À la fois distante et profondément engagée, Ekaterina Perfilieva, artiste multidisciplinaire, interroge une contemporanéité traversée par le vide, la solitude, l’aliénation sociale et la perte d’intimité.
Si l’on devait résumer l’univers d’Ekaterina Perfilieva, on dirait qu’il relève d’une recherche autour de l’étrangeté du réel. Depuis l’adolescence, l’artiste observe les relations humaines, les émotions et surtout la manière dont les individus habitent les espaces – qu’ils soient urbains ou naturels.
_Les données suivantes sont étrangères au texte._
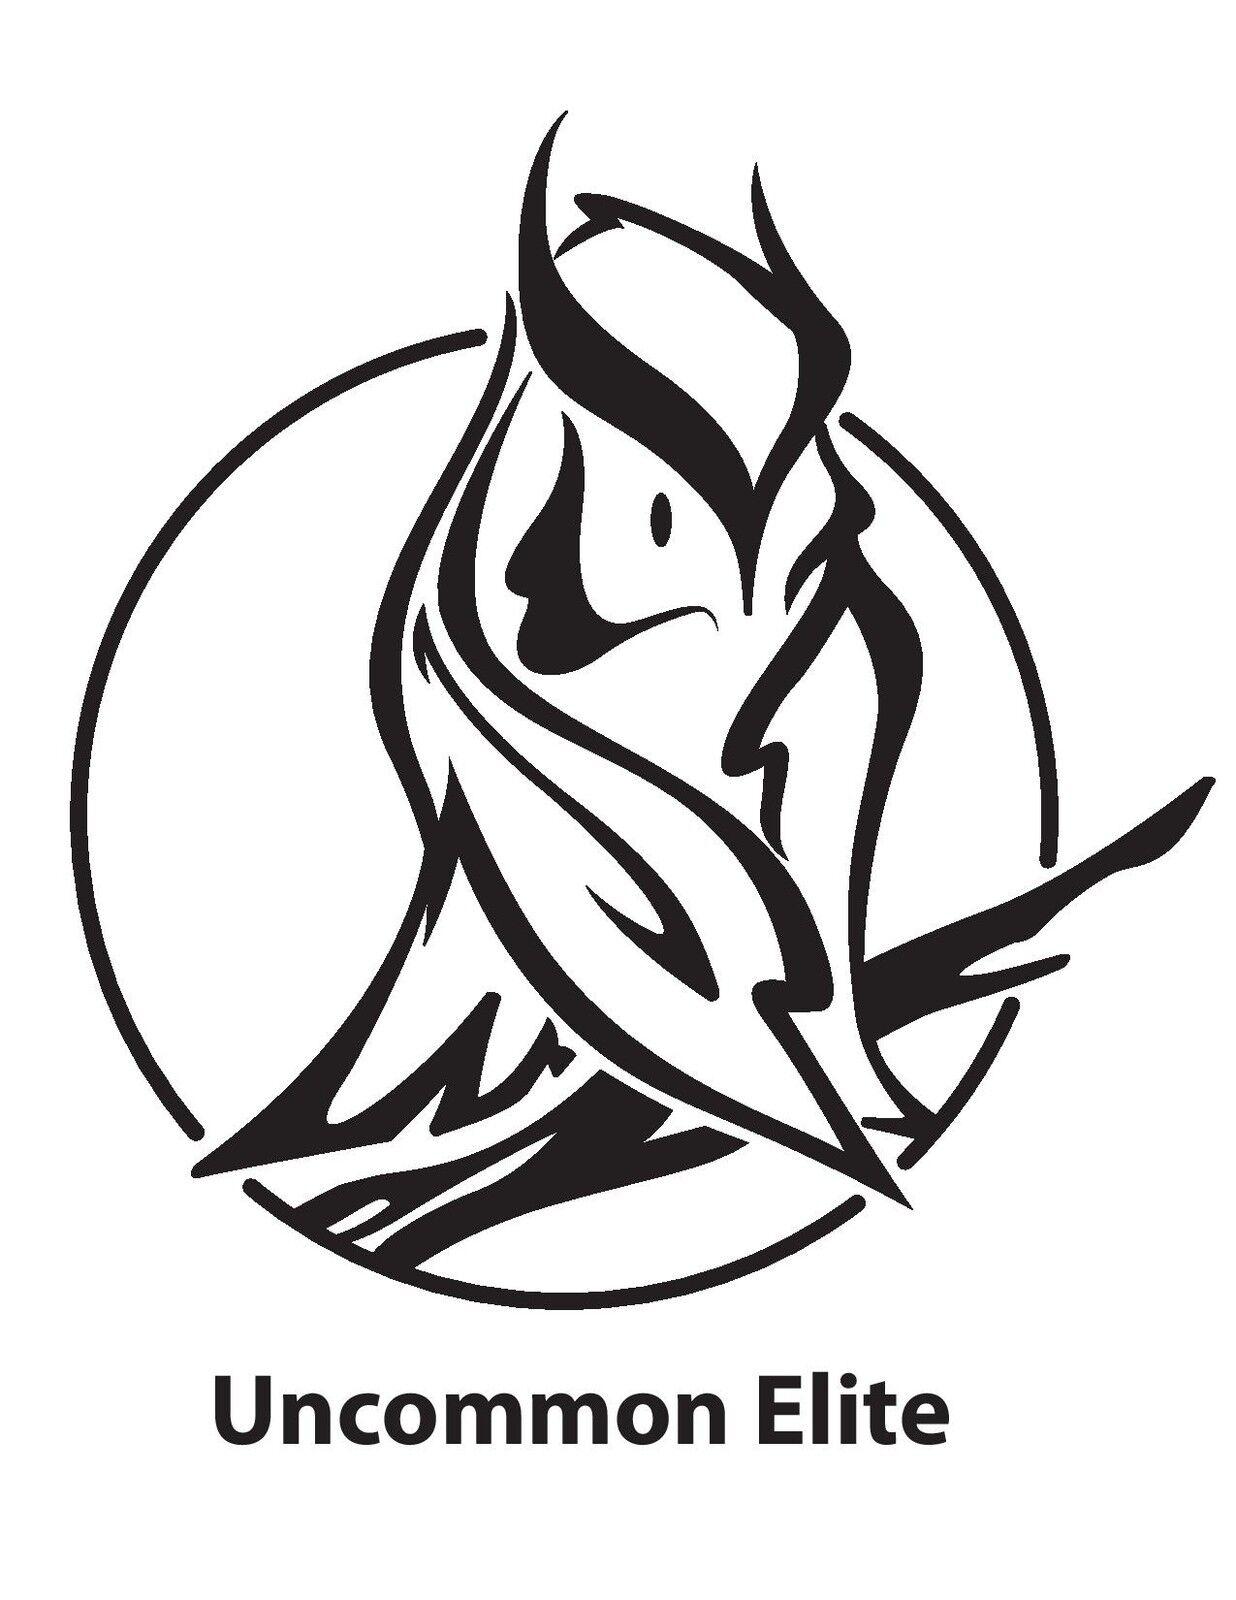 Uncommon Elite

Comment les présences humaines s’y inscrivent-elles et les modifient-elles ?
Ekaterina Perfilieva photographie en marchant, sans musique, attentive aux détails et aux récits qu’elle peut entendre. Elle revendique un lien actif avec son environnement, qu’elle considère comme co-auteur de ses images. Elle ne travaille pas seule, bien au contraire : certains de ses sujets deviennent des guides, comme son amie Olga, au cœur de Nocturnal Animals, consacrée à la part d’ombre féminine et aux émotions socialement refoulées. « Chaque femme porte en elle à la fois la sorcière et l’ermite », affirme-t-elle. Dans cette série, des figures énigmatiques, parfois floues, se tortillent autour d’arbres dans la nuit, comme des araignées ou des spectres.
Face à la modernité
Avec Façade, elle explore la ville-musée de Taroussa, ancien lieu d’exil d’intellectuels soviétiques aujourd’hui instrumentalisé à des fins nationalistes. Elle y cherche ce qui résiste à l’image officielle et idéologique, soit des signes du quotidien et de la vie réelle. « Je voulais trouver où subsiste encore quelque chose de vrai et de sincère, créé par les citoyen·nes elleux-mêmes, et observer comment cela s’entremêle avec les couches historiques et propagandistes », explique-t-elle. Dans La Lumière vive de la déception, la photographe se frotte davantage à la mise en scène quasi abstraite de la fragmentation et du détachement entraînés par l’époque du « capitalisme émotionnel », d’après l’expression de la sociologue Eva Illouz. Elle sonde une intimité mécanisée par les applications de rencontres, la pornographie en ligne ou les produits sexuels, qui offrent une illusion de sécurité affective alors même qu’ils sont à l’origine d’un appauvrissement des liens humains. Ni froide, ni sentimentale, ce qu’elle vise en toute chose, c’est d’abord « l’émotionnel, le sale, le cru et le sincère », selon ses mots. Toujours avec une grande lucidité.